= Maurice Woodruff =

English astrologer

Maurice Woodruff (2 April 1916 – 28 January 1973) was an English clairvoyant and astrologer, born and raised in London. He achieved considerable fame in England. He presented his predictions to the public via newspapers and also via stage, cabaret and television appearances. His claims were disputed by sceptics.

==Biography==

In addition to his appearances on British television, Maurice hosted the hour-long programme, Maurice Woodruff Predicts, on American TV for a short run in 1969. He authored several books including The Secrets of Foretelling Your Own Future (1969), Probing the Unknown: The Personal Experiences of a Psychic (1971), and Woody (1967), a biographical account of his mother's colourful life and career. He had a considerable number of private clients including several well-known celebrities, one of the most famous of whom was the actor Peter Sellers. His mother was the clairvoyant Vera "Woody" Woodruff.

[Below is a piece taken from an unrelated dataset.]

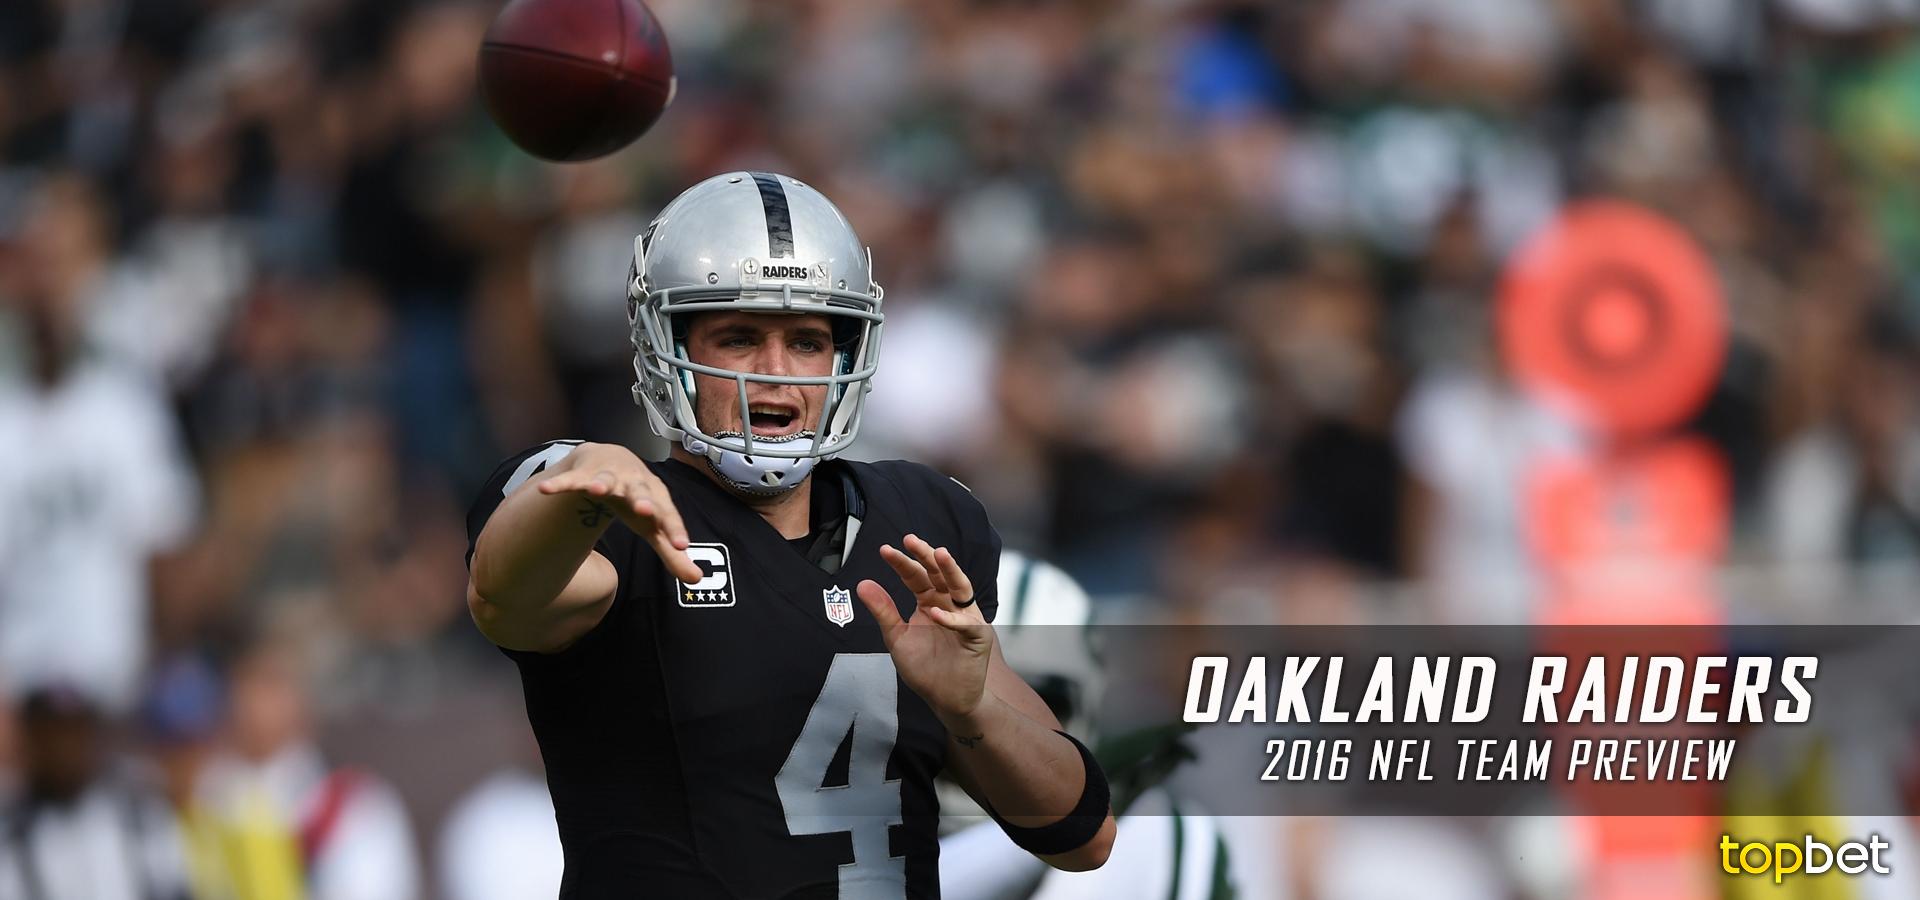 Raiders News 2016

Woodruff was open about his homosexuality and had a long-term relationship with his manager Harry Arnold. He died in January 1973 after suffering a heart attack, aged 56, on a lecture tour in Singapore.

His ashes were returned to Britain where they were interred in London at Golders Green Crematorium. A memorial plaque was erected in the West Courtyard at the end of the columbarium there.

Woodruff was portrayed by Stephen Fry in the 2004 film The Life and Death of Peter Sellers.